Und sorgen so bei den meisten wohl dafür dass sie nicht nur kein Fahrrad da kaufen sondern auch sonst nix. Klingt nach einem Plan


----------



## filiale (7. Mai 2018)

das liegt ja dann am Händler ob er die Einsicht / Weitsicht hat langfristig neue Kunden zu gewinnen.


----------



## Nukem49 (7. Mai 2018)

Ich habe immer nur Versender-Bikes und wurde noch nie weg geschickt. Warum auch!? Ist ja nicht so als würde der Radladen die Reparatur umsonst machen müssen oder würde evtl. Ersatzteile nicht bezahlt bekommen. Ich finde diese Argumentation irgendwie unlogisch. Aber wenn diese Läden auf das Geld verzichten können....dann geh halt woanders hin.


----------



## Chatic (7. Mai 2018)

Mir geht es besonders um die Aussage zum Thema EU-Recht und Gewährleistung.

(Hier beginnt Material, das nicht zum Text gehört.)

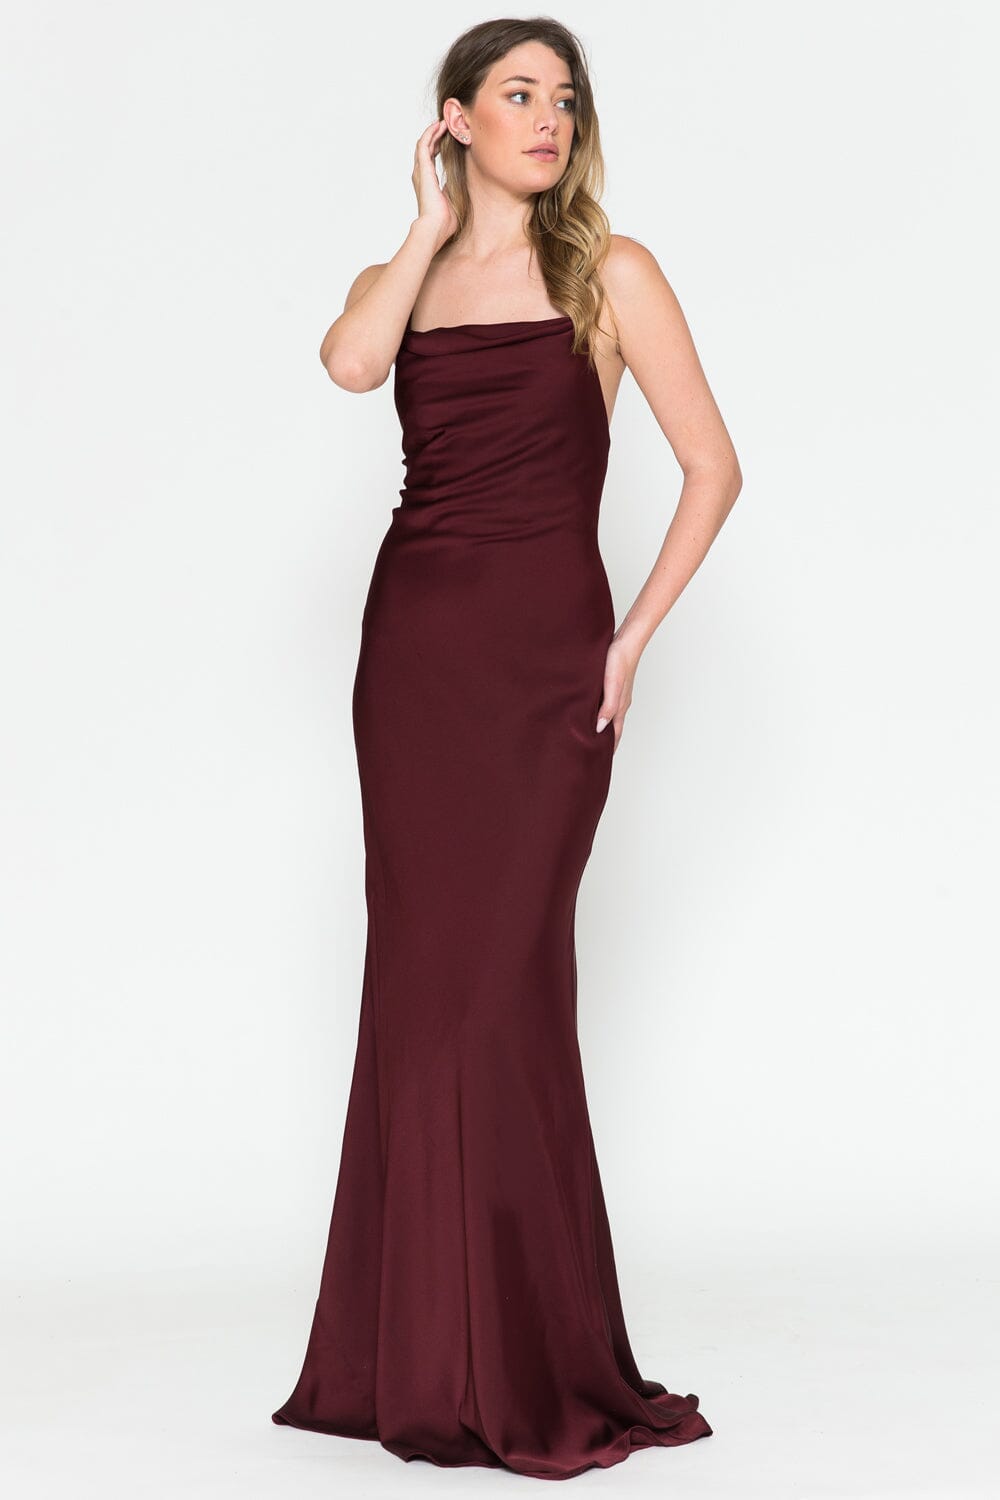 Satin Long Sleeveless Cowl Dress by Amelia Couture 6111

Dass viele Händler verweigern bei Versender-Bikes ist teils zu verstehen, teils aber auch nicht. Denn mit gutem Service kann man sich auch Kundenbindung schaffen.


----------



## Hillcruiser (17. Mai 2018)

Nukem49 schrieb:


> Ich habe immer nur Versender-Bikes und wurde noch nie weg geschickt. Warum auch!? Ist ja nicht so als würde der Radladen die Reparatur umsonst machen müssen oder würde evtl. Ersatzteile nicht bezahlt bekommen. Ich finde diese Argumentation irgendwie unlogisch. Aber wenn diese Läden auf das Geld verzichten können....dann geh halt woanders hin.



also ich hatte auch nie Probleme mit meinem Slide bei den lokalen Fahrradläden zwecks Inspektion oder Reparatur. Wurde immer top bedient.
Hab mich aus dem Grund auch wieder für ein Versenderbike (Propain) entschieden...


----------